Pursuant to a securities purchase agreement with Samsara BioCapital, L.P. ("Samsara"),one of our existing stockholders, dated as of May 8, 2019 (the “Private Placement Agreement”), we will sell to Samsara, in a private placement exempt from the registration requirements of the Securities Act of 1933, as amended (the “Securities Act”), and at a sale price equal to the price to the public in the Concurrent Common Stock Offering,119,760 shares of our common stock (the “Concurrent Private Placement”). The consummation of the Concurrent Private Placement is contingent on the closing of the Concurrent Common Stock Offering and the satisfaction of certain other customary conditions. However, neither the consummation of this offering nor the consummation of the Concurrent Common Stock Offering is contingent on the consummation of the Concurrent Private Placement.

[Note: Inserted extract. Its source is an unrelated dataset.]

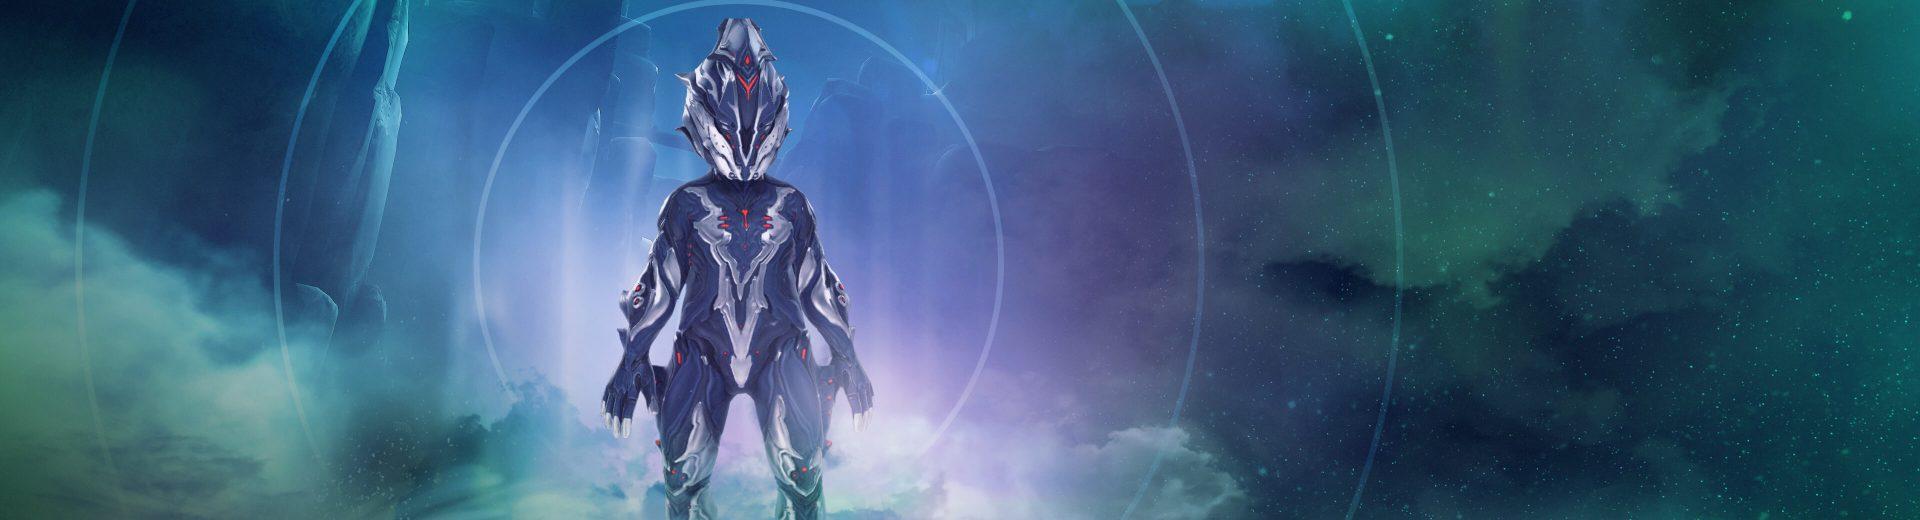 Warframe Avatar
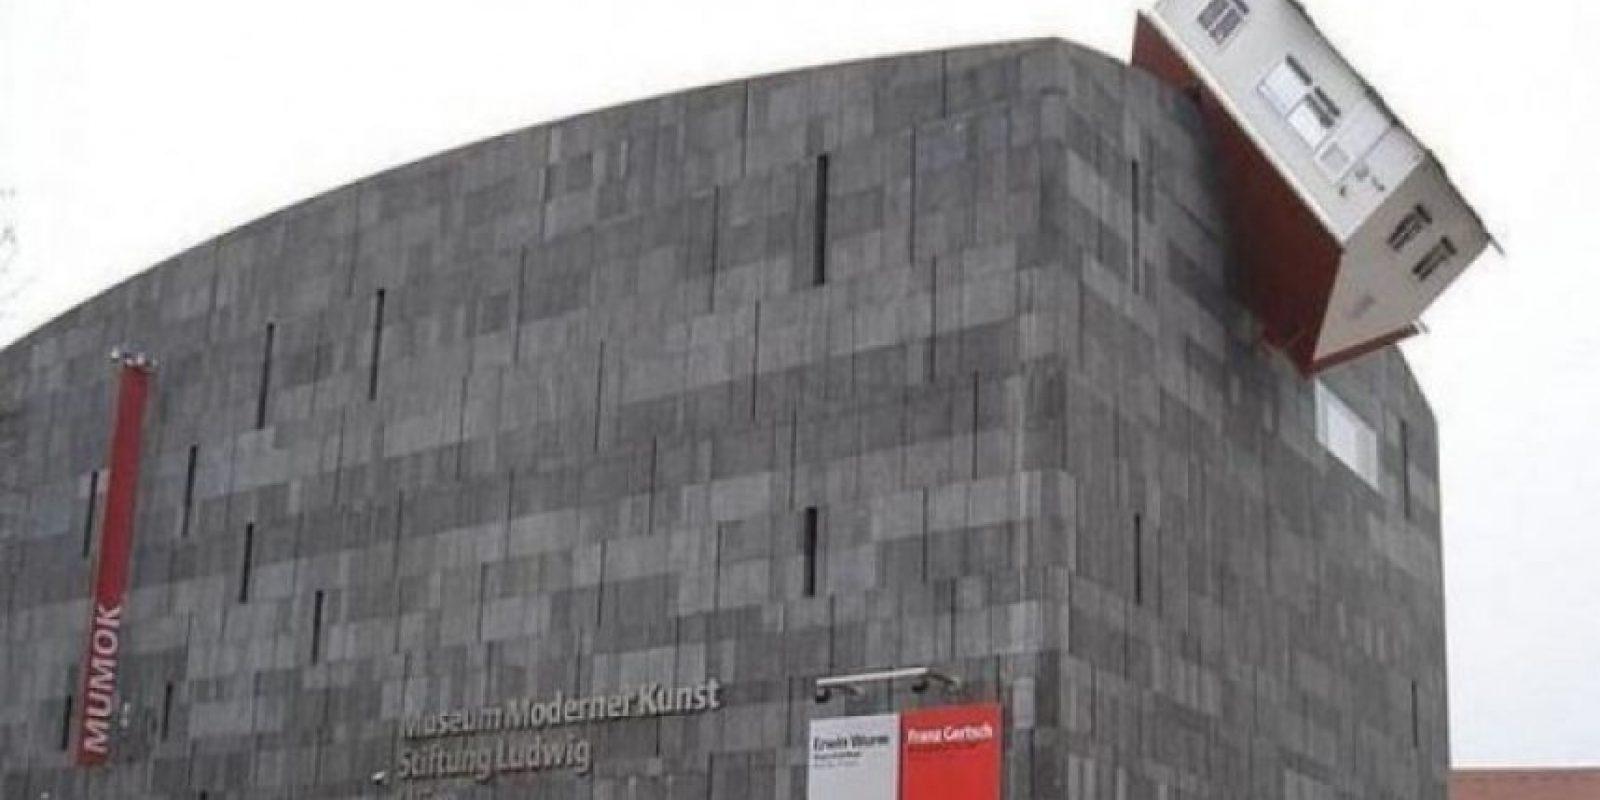 En el MUMOK, o el Museo de Arte Moderno de Austria se encuentra un bloque de piedra grisácea con una casa de campo incrustada en el, conocida como House Attack.

We do not intend to apply to list the Notes on any securities exchange or any automated dealer quotation system. Our common stock is listed on The Nasdaq Global Select Market under the symbol “ICPT.” The Last Reported Sale Price of our common stock on the Nasdaq Global Select Market on May 9, 2019 was $83.90 per share.
Investing in the Notes involves a high degree of risk. See “Risk Factors” beginning on page
S-9 of this prospectus supplement and on page 2 of the accompanying base prospectus, as well as those risks described in our most recent Annual Report on Form 10-K and in our other filings with the Securities and Exchange Commission.
| | | Per Note | | | Total | |
Public offering price(1) | | | | $ | 1,000 | | | | | $ | 200,000,000 | | |
Underwriting discounts and commissions | | | | $ | 27.50 | | | | | $ | 5,500,000 | | |
Proceeds, before expenses, to us | | | | $ | 972.50 | | | | | $ | 194,500,000 | | |
(1)
Plus accrued interest, if any, from May 14, 2019.
We have granted the underwriters the right to purchase, exercisable within a 30-day period, up to an additional $30,000,000 principal amount of Notes, solely to cover over-allotments.
Neither the Securities and Exchange Commission nor any state securities commission has approved or disapproved of the Notes or determined if this prospectus supplement or the accompanying base prospectus is truthful or complete. Any representation to the contrary is a criminal offense.
We expect that delivery of the Notes will be made to investors in book-entry form through The Depository Trust Company on or about May 14, 2019.
Joint Book-Running Managers
| Goldman Sachs & Co. LLC | | | Credit Suisse | | | Jefferies | |
Lead Manager
RBC Capital Markets
Co-Manager
JMP Securities
The date of this prospectus supplement is May 9, 2019.